• [Work instructions]
Pictures excluded, reproduce exactly the lines below from the one with "Custom Faces Christmas" through the one with "ALBANIA: Yvert 729/37", both included.

• [Available records]
+ + +

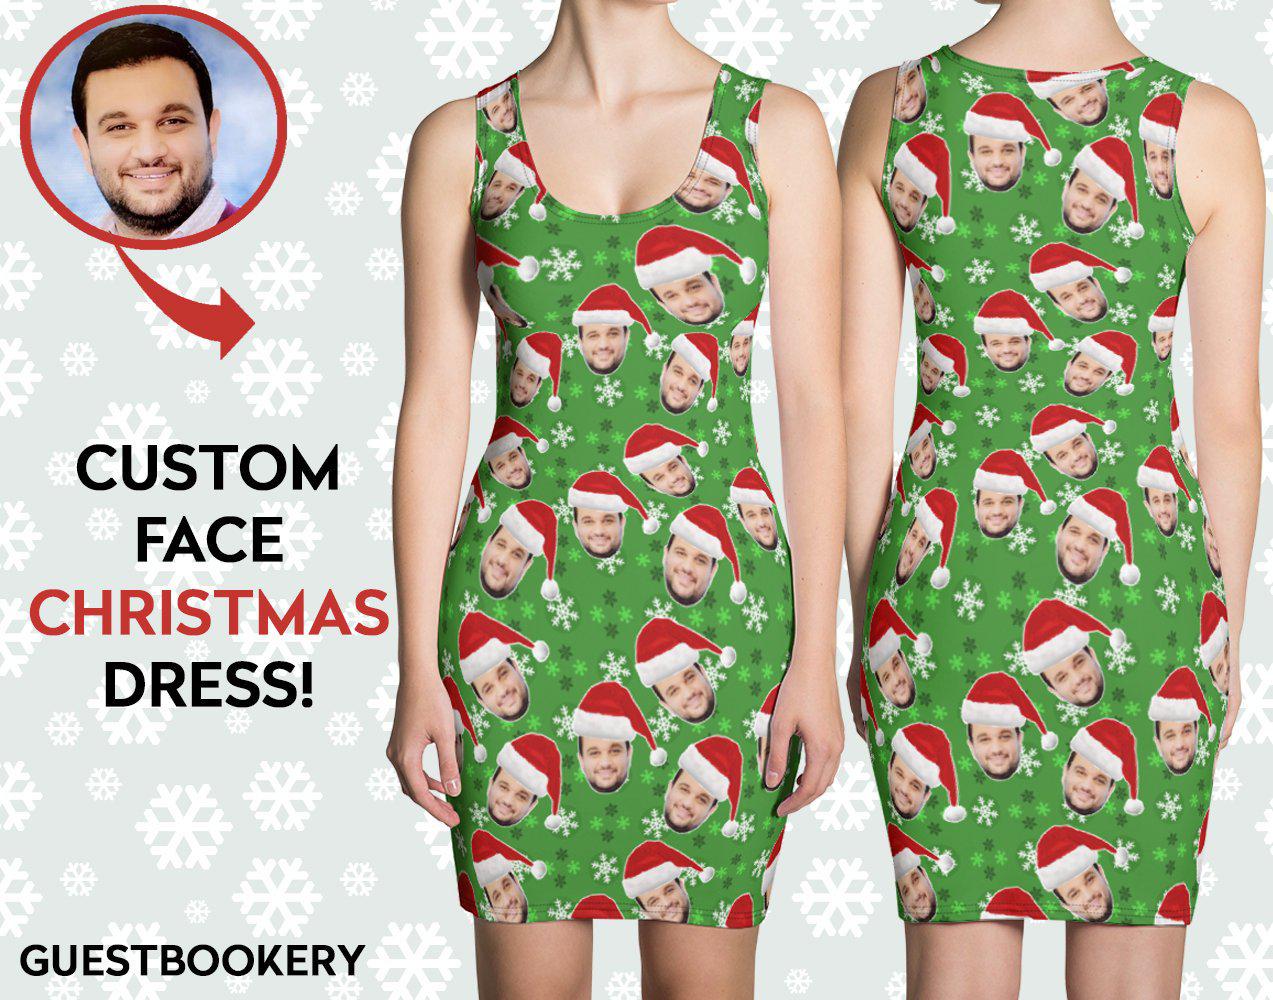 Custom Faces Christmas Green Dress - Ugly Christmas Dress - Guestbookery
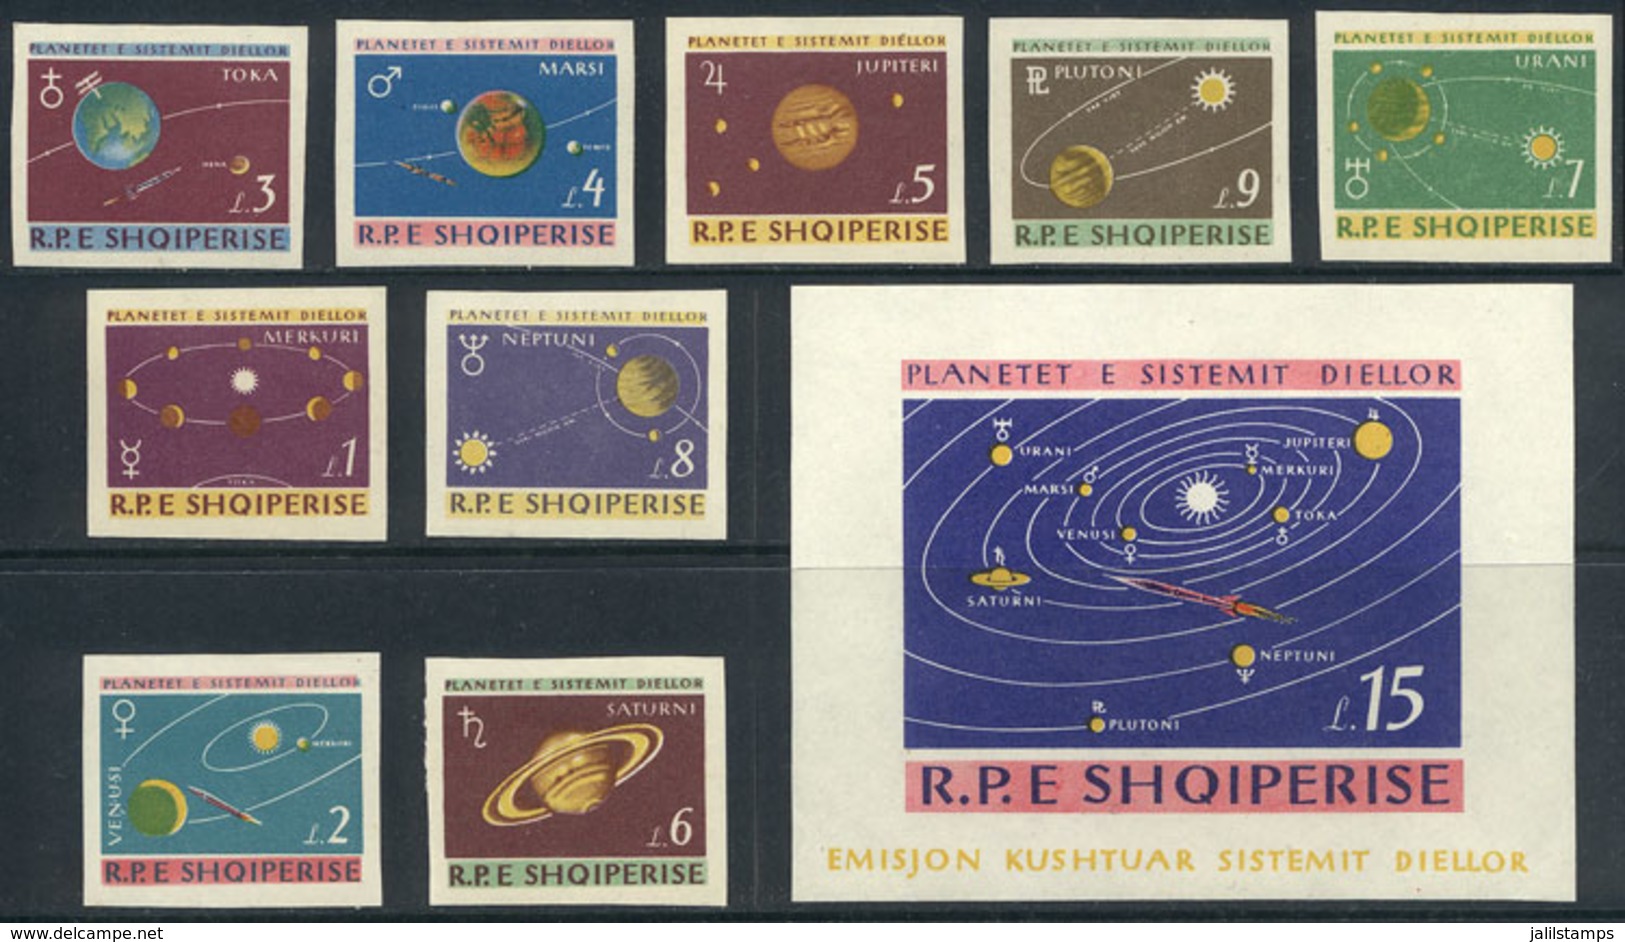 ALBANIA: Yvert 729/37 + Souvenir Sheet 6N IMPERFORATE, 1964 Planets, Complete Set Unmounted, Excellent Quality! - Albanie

+ + +

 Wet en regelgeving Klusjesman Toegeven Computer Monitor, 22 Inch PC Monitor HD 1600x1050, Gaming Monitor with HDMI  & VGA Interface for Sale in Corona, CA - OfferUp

+ + +

• [Completed exercise]
 Custom Faces Christmas Green Dress - Ugly Christmas Dress - Guestbookery
 ALBANIA: Yvert 729/37 + Souvenir Sheet 6N IMPERFORATE, 1964 Planets, Complete Set Unmounted, Excellent Quality! - Albanie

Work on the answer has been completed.